REQUIRED ACTION:
Below is a listing; retype exactly the lines between the one containing "Un estudiante hace" and the one containing "Funko Last Defense!", inclusive, minus the pictures.

DATA LISTING:
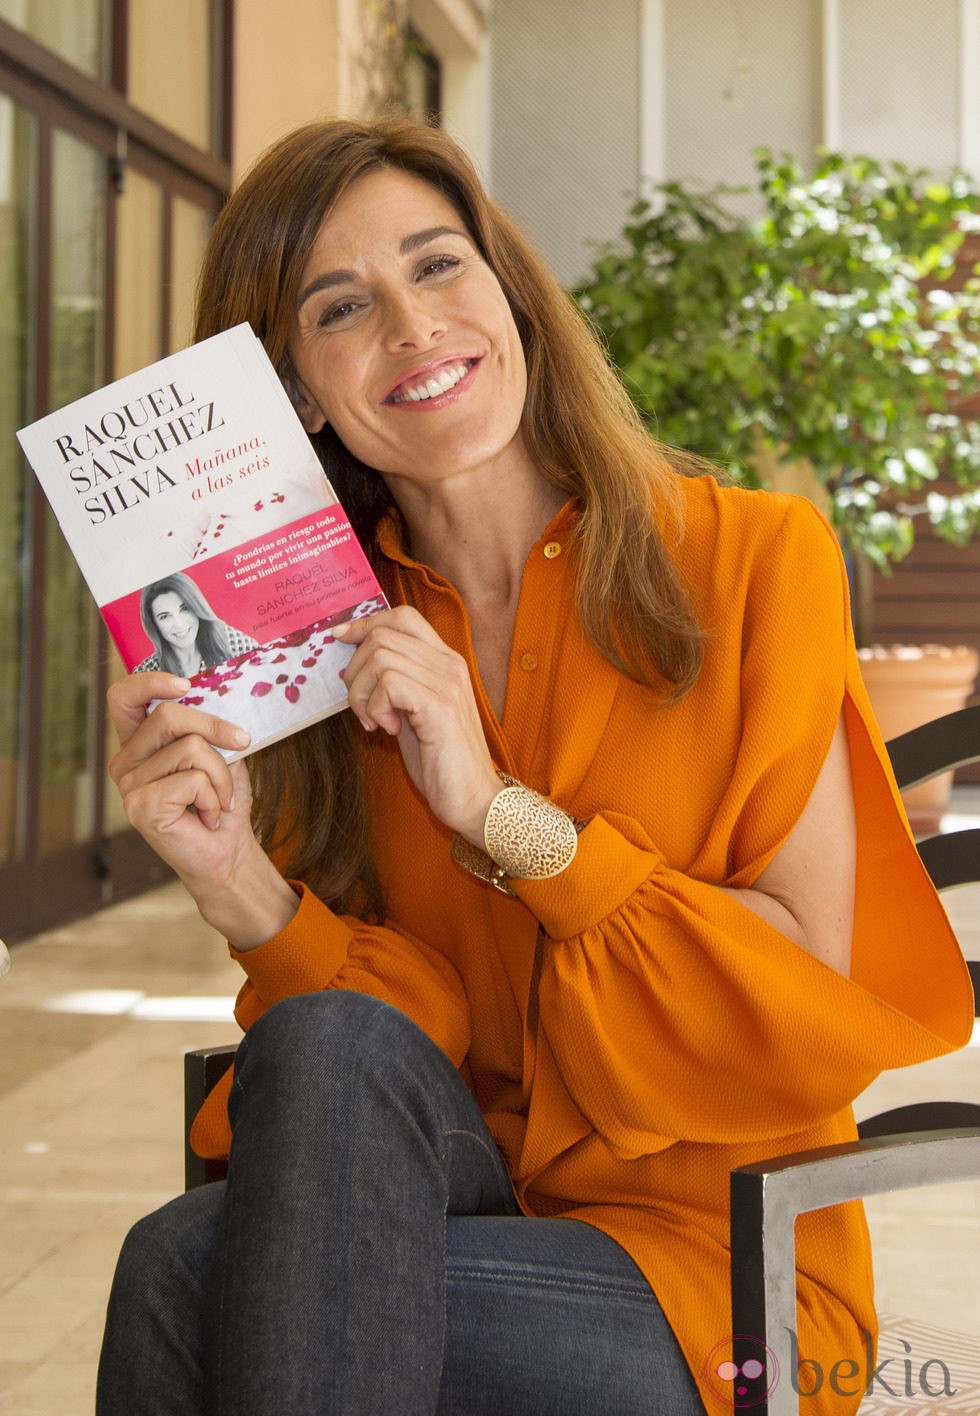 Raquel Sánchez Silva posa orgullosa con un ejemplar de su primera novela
* * *
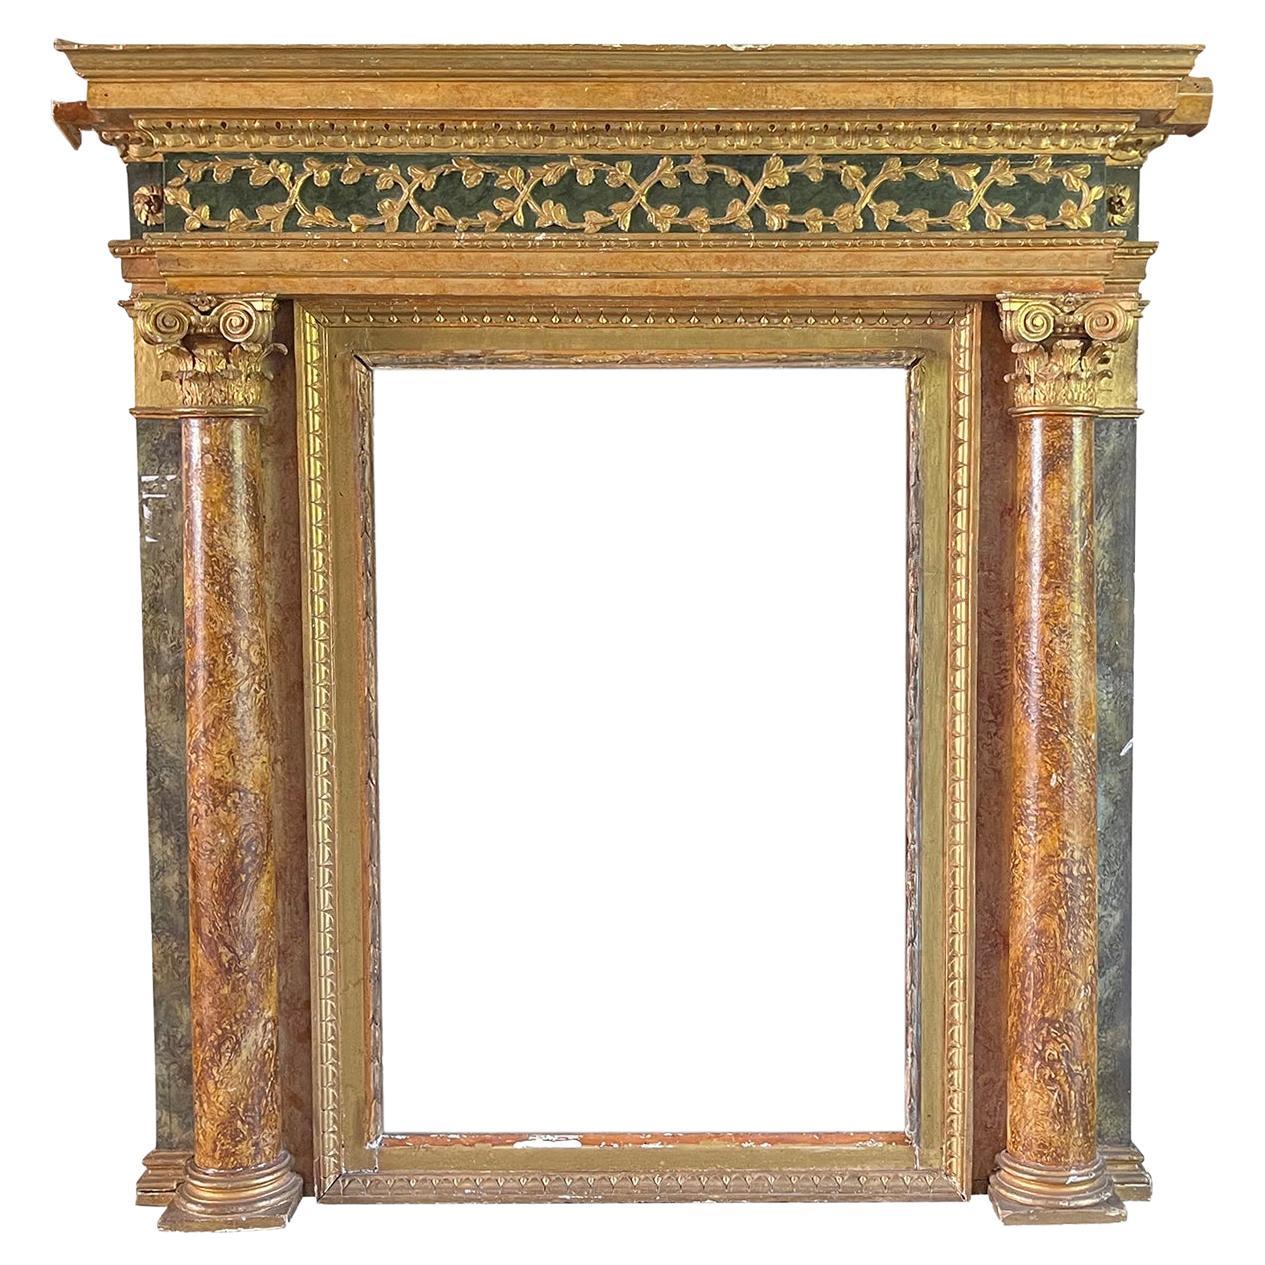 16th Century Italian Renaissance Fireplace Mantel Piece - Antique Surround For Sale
...
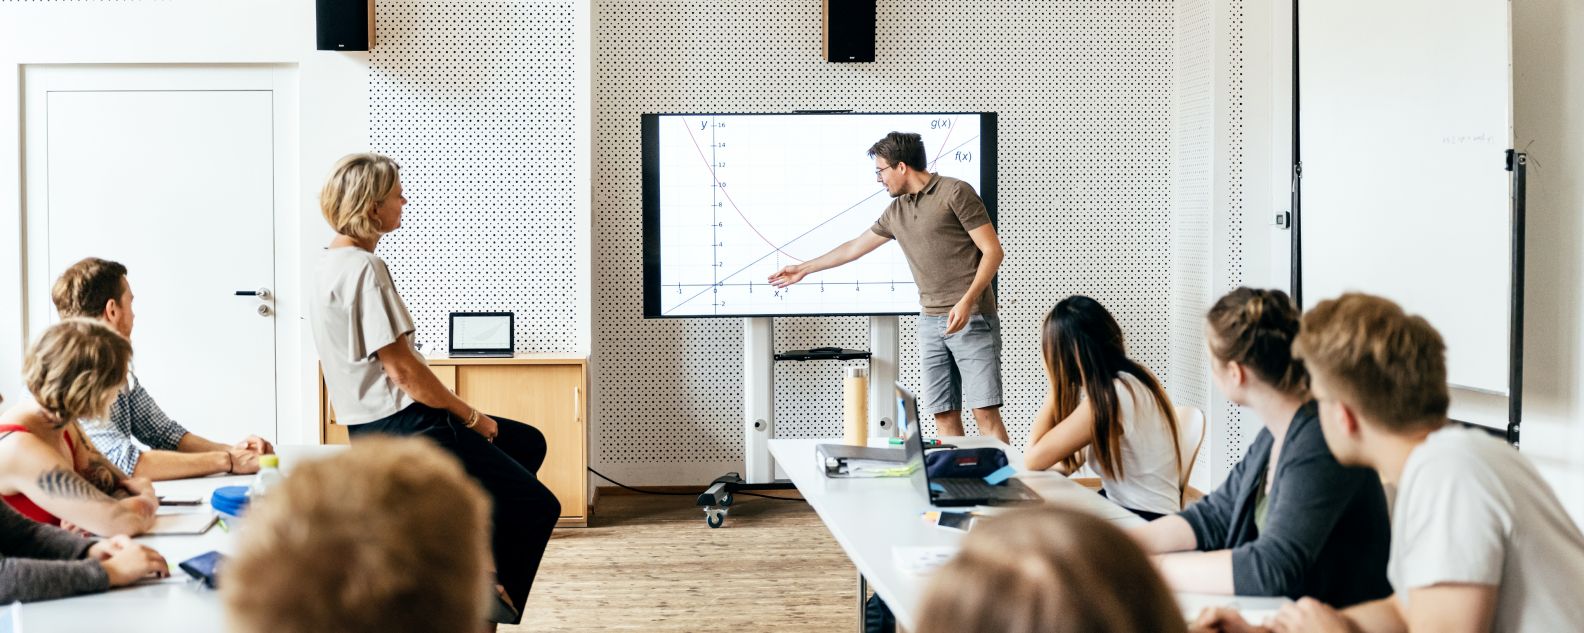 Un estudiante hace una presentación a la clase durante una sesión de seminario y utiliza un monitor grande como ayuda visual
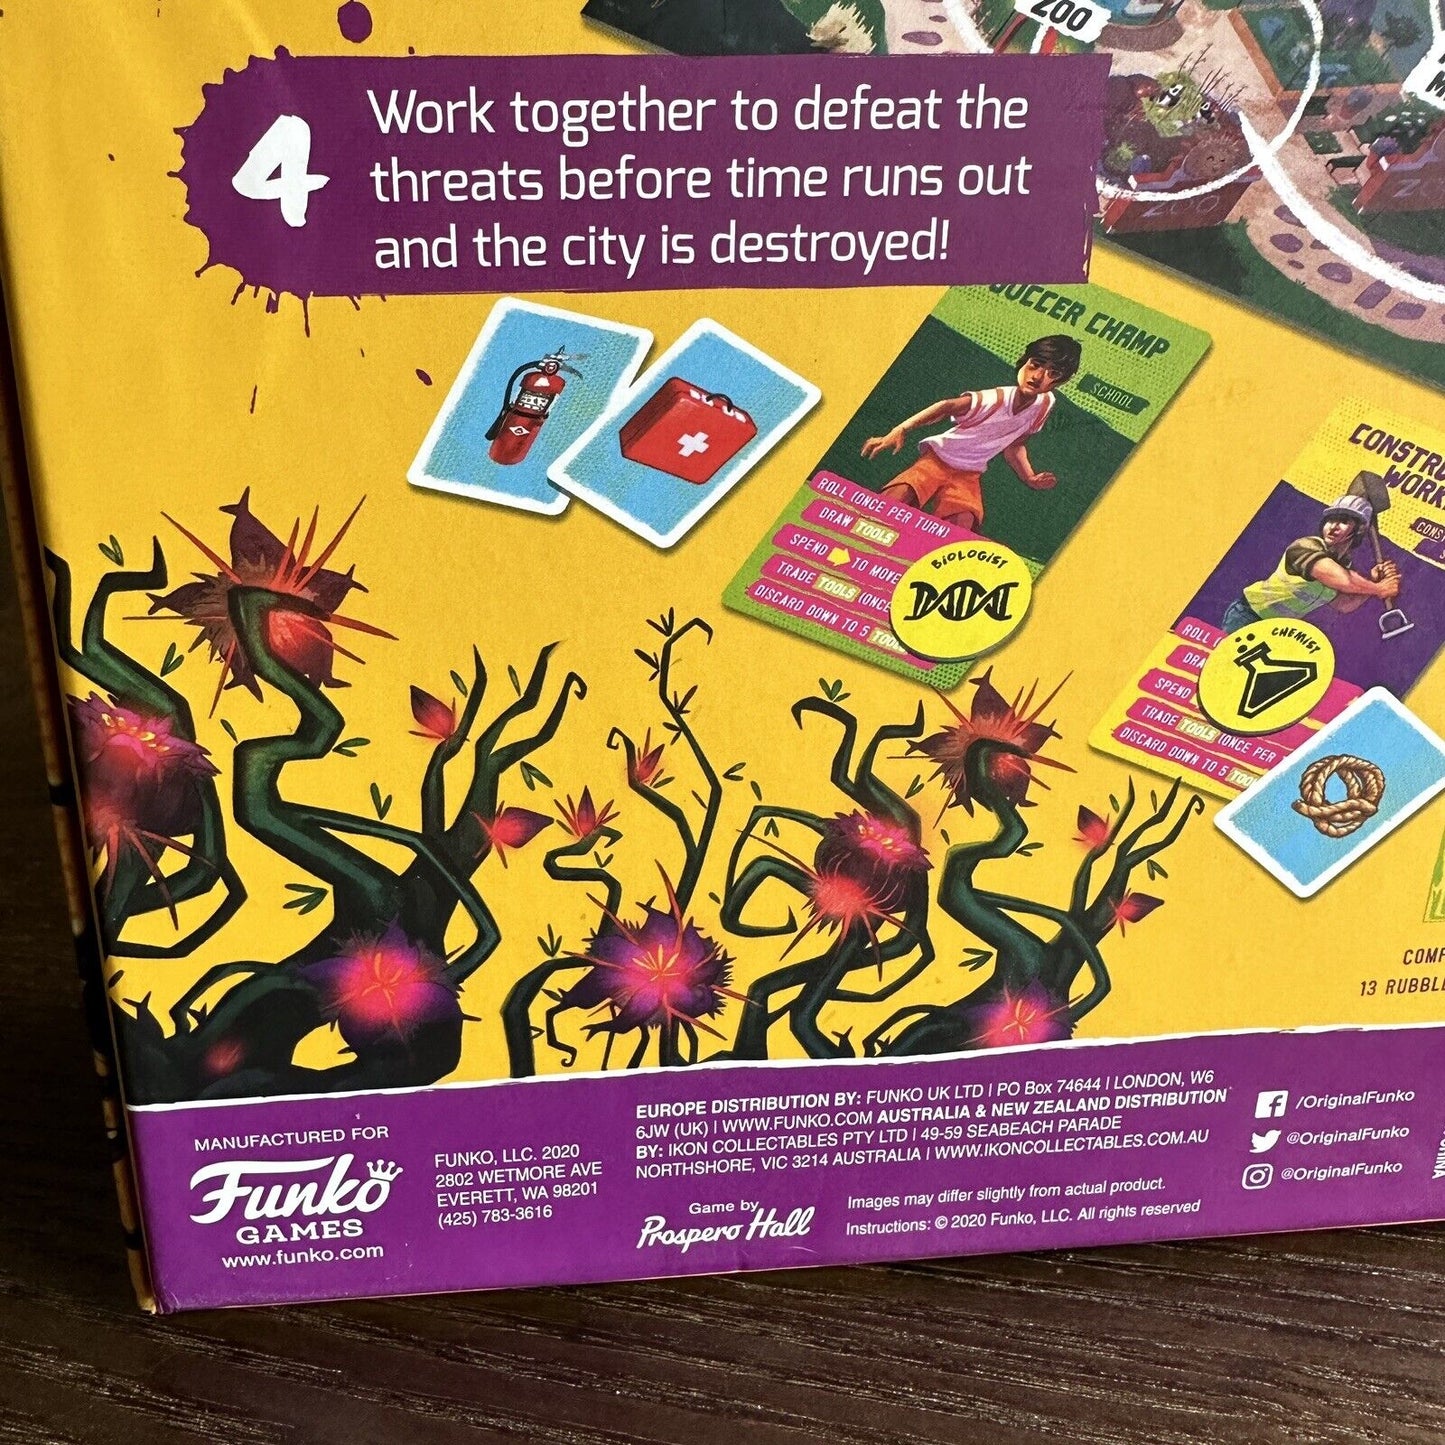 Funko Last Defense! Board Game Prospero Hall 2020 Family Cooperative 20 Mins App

RESPONSE BOX:
 Un estudiante hace una presentación a la clase durante una sesión de seminario y utiliza un monitor grande como ayuda visual
 Funko Last Defense! Board Game Prospero Hall 2020 Family Cooperative 20 Mins App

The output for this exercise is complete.